§ Try it
Only an exact copy of every record counts as an answer.
***** Data *****
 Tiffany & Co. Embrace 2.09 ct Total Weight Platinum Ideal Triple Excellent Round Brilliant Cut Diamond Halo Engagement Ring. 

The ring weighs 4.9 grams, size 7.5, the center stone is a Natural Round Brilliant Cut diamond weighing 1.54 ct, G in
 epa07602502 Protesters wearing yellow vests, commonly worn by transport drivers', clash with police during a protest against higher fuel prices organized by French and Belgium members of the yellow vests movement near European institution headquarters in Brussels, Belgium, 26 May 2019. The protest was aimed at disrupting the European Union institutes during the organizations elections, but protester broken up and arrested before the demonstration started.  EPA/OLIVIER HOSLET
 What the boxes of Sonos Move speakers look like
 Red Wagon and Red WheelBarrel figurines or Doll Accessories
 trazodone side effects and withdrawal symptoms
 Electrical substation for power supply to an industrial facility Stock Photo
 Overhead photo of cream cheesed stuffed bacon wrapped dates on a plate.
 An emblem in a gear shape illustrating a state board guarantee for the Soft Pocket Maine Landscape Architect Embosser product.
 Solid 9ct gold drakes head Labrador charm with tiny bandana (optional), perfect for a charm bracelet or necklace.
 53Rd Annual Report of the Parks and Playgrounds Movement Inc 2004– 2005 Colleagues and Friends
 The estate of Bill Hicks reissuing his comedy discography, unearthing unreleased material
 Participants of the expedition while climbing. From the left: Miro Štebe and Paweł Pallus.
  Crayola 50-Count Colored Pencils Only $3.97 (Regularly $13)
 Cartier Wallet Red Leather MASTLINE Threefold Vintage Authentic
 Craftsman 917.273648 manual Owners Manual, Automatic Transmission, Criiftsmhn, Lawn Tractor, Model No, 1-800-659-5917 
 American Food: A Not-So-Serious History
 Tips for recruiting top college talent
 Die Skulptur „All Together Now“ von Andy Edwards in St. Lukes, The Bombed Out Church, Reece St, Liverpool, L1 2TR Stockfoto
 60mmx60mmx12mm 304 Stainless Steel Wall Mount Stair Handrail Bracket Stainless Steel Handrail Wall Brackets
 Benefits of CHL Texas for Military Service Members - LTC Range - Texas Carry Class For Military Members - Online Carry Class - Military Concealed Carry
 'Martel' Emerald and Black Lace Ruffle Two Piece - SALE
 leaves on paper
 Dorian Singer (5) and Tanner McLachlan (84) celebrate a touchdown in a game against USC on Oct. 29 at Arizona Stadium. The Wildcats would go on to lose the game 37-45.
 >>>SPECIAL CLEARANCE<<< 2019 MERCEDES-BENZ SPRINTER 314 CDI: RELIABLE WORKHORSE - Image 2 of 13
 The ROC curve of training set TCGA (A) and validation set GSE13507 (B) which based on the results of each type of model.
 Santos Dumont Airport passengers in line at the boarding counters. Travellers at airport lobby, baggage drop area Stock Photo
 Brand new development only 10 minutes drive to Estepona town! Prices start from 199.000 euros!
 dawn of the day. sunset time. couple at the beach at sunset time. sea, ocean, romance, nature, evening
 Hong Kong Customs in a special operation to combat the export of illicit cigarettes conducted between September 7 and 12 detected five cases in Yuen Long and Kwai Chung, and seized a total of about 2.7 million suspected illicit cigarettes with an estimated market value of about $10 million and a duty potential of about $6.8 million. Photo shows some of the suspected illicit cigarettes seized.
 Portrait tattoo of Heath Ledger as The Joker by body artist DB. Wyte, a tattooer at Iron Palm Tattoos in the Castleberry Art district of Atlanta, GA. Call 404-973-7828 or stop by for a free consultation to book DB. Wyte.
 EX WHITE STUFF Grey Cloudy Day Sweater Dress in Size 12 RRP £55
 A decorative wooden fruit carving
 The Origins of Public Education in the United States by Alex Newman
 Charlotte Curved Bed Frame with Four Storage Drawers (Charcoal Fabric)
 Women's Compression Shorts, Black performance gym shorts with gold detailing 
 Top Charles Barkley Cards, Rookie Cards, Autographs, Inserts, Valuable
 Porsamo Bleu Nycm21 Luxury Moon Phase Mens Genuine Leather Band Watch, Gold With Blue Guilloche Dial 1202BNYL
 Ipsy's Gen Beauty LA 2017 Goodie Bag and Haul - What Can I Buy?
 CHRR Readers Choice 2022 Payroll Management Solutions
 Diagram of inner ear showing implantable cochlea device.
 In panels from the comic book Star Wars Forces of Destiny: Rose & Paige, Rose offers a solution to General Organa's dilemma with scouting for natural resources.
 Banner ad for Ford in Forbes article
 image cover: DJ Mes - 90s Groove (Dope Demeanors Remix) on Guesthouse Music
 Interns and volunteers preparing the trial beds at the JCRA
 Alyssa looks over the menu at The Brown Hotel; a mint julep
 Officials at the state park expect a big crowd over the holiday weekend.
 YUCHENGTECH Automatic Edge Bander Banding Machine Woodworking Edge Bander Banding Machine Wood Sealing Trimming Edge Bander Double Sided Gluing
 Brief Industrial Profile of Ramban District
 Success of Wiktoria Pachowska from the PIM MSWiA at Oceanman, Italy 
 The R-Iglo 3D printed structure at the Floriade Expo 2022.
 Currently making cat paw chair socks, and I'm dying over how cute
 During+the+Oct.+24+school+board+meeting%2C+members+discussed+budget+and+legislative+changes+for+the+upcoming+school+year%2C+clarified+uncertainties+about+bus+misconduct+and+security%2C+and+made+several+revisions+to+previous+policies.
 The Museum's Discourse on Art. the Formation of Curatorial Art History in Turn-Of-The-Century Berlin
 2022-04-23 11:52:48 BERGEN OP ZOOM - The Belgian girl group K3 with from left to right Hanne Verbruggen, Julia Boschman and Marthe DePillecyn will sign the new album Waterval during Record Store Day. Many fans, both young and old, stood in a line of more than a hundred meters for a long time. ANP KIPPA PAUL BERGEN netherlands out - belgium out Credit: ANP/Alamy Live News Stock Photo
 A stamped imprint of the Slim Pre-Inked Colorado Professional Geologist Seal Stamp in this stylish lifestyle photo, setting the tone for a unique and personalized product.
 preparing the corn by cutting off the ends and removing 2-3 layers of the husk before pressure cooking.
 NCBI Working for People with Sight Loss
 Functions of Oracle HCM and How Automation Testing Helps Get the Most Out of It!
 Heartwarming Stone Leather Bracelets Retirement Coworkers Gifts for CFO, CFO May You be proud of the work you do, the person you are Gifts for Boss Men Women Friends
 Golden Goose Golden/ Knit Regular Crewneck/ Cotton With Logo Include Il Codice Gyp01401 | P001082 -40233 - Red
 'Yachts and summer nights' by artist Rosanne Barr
*****
§ Written response
 Tiffany & Co. Embrace 2.09 ct Total Weight Platinum Ideal Triple Excellent Round Brilliant Cut Diamond Halo Engagement Ring. 

The ring weighs 4.9 grams, size 7.5, the center stone is a Natural Round Brilliant Cut diamond weighing 1.54 ct, G in
 epa07602502 Protesters wearing yellow vests, commonly worn by transport drivers', clash with police during a protest against higher fuel prices organized by French and Belgium members of the yellow vests movement near European institution headquarters in Brussels, Belgium, 26 May 2019. The protest was aimed at disrupting the European Union institutes during the organizations elections, but protester broken up and arrested before the demonstration started.  EPA/OLIVIER HOSLET
 What the boxes of Sonos Move speakers look like
 Red Wagon and Red WheelBarrel figurines or Doll Accessories
 trazodone side effects and withdrawal symptoms
 Electrical substation for power supply to an industrial facility Stock Photo
 Overhead photo of cream cheesed stuffed bacon wrapped dates on a plate.
 An emblem in a gear shape illustrating a state board guarantee for the Soft Pocket Maine Landscape Architect Embosser product.
 Solid 9ct gold drakes head Labrador charm with tiny bandana (optional), perfect for a charm bracelet or necklace.
 53Rd Annual Report of the Parks and Playgrounds Movement Inc 2004– 2005 Colleagues and Friends
 The estate of Bill Hicks reissuing his comedy discography, unearthing unreleased material
 Participants of the expedition while climbing. From the left: Miro Štebe and Paweł Pallus.
  Crayola 50-Count Colored Pencils Only $3.97 (Regularly $13)
 Cartier Wallet Red Leather MASTLINE Threefold Vintage Authentic
 Craftsman 917.273648 manual Owners Manual, Automatic Transmission, Criiftsmhn, Lawn Tractor, Model No, 1-800-659-5917 
 American Food: A Not-So-Serious History
 Tips for recruiting top college talent
 Die Skulptur „All Together Now“ von Andy Edwards in St. Lukes, The Bombed Out Church, Reece St, Liverpool, L1 2TR Stockfoto
 60mmx60mmx12mm 304 Stainless Steel Wall Mount Stair Handrail Bracket Stainless Steel Handrail Wall Brackets
 Benefits of CHL Texas for Military Service Members - LTC Range - Texas Carry Class For Military Members - Online Carry Class - Military Concealed Carry
 'Martel' Emerald and Black Lace Ruffle Two Piece - SALE
 leaves on paper
 Dorian Singer (5) and Tanner McLachlan (84) celebrate a touchdown in a game against USC on Oct. 29 at Arizona Stadium. The Wildcats would go on to lose the game 37-45.
 >>>SPECIAL CLEARANCE<<< 2019 MERCEDES-BENZ SPRINTER 314 CDI: RELIABLE WORKHORSE - Image 2 of 13
 The ROC curve of training set TCGA (A) and validation set GSE13507 (B) which based on the results of each type of model.
 Santos Dumont Airport passengers in line at the boarding counters. Travellers at airport lobby, baggage drop area Stock Photo
 Brand new development only 10 minutes drive to Estepona town! Prices start from 199.000 euros!
 dawn of the day. sunset time. couple at the beach at sunset time. sea, ocean, romance, nature, evening
 Hong Kong Customs in a special operation to combat the export of illicit cigarettes conducted between September 7 and 12 detected five cases in Yuen Long and Kwai Chung, and seized a total of about 2.7 million suspected illicit cigarettes with an estimated market value of about $10 million and a duty potential of about $6.8 million. Photo shows some of the suspected illicit cigarettes seized.
 Portrait tattoo of Heath Ledger as The Joker by body artist DB. Wyte, a tattooer at Iron Palm Tattoos in the Castleberry Art district of Atlanta, GA. Call 404-973-7828 or stop by for a free consultation to book DB. Wyte.
 EX WHITE STUFF Grey Cloudy Day Sweater Dress in Size 12 RRP £55
 A decorative wooden fruit carving
 The Origins of Public Education in the United States by Alex Newman
 Charlotte Curved Bed Frame with Four Storage Drawers (Charcoal Fabric)
 Women's Compression Shorts, Black performance gym shorts with gold detailing 
 Top Charles Barkley Cards, Rookie Cards, Autographs, Inserts, Valuable
 Porsamo Bleu Nycm21 Luxury Moon Phase Mens Genuine Leather Band Watch, Gold With Blue Guilloche Dial 1202BNYL
 Ipsy's Gen Beauty LA 2017 Goodie Bag and Haul - What Can I Buy?
 CHRR Readers Choice 2022 Payroll Management Solutions
 Diagram of inner ear showing implantable cochlea device.
 In panels from the comic book Star Wars Forces of Destiny: Rose & Paige, Rose offers a solution to General Organa's dilemma with scouting for natural resources.
 Banner ad for Ford in Forbes article
 image cover: DJ Mes - 90s Groove (Dope Demeanors Remix) on Guesthouse Music
 Interns and volunteers preparing the trial beds at the JCRA
 Alyssa looks over the menu at The Brown Hotel; a mint julep
 Officials at the state park expect a big crowd over the holiday weekend.
 YUCHENGTECH Automatic Edge Bander Banding Machine Woodworking Edge Bander Banding Machine Wood Sealing Trimming Edge Bander Double Sided Gluing
 Brief Industrial Profile of Ramban District
 Success of Wiktoria Pachowska from the PIM MSWiA at Oceanman, Italy 
 The R-Iglo 3D printed structure at the Floriade Expo 2022.
 Currently making cat paw chair socks, and I'm dying over how cute
 During+the+Oct.+24+school+board+meeting%2C+members+discussed+budget+and+legislative+changes+for+the+upcoming+school+year%2C+clarified+uncertainties+about+bus+misconduct+and+security%2C+and+made+several+revisions+to+previous+policies.
 The Museum's Discourse on Art. the Formation of Curatorial Art History in Turn-Of-The-Century Berlin
 2022-04-23 11:52:48 BERGEN OP ZOOM - The Belgian girl group K3 with from left to right Hanne Verbruggen, Julia Boschman and Marthe DePillecyn will sign the new album Waterval during Record Store Day. Many fans, both young and old, stood in a line of more than a hundred meters for a long time. ANP KIPPA PAUL BERGEN netherlands out - belgium out Credit: ANP/Alamy Live News Stock Photo
 A stamped imprint of the Slim Pre-Inked Colorado Professional Geologist Seal Stamp in this stylish lifestyle photo, setting the tone for a unique and personalized product.
 preparing the corn by cutting off the ends and removing 2-3 layers of the husk before pressure cooking.
 NCBI Working for People with Sight Loss
 Functions of Oracle HCM and How Automation Testing Helps Get the Most Out of It!
 Heartwarming Stone Leather Bracelets Retirement Coworkers Gifts for CFO, CFO May You be proud of the work you do, the person you are Gifts for Boss Men Women Friends
 Golden Goose Golden/ Knit Regular Crewneck/ Cotton With Logo Include Il Codice Gyp01401 | P001082 -40233 - Red
 'Yachts and summer nights' by artist Rosanne Barr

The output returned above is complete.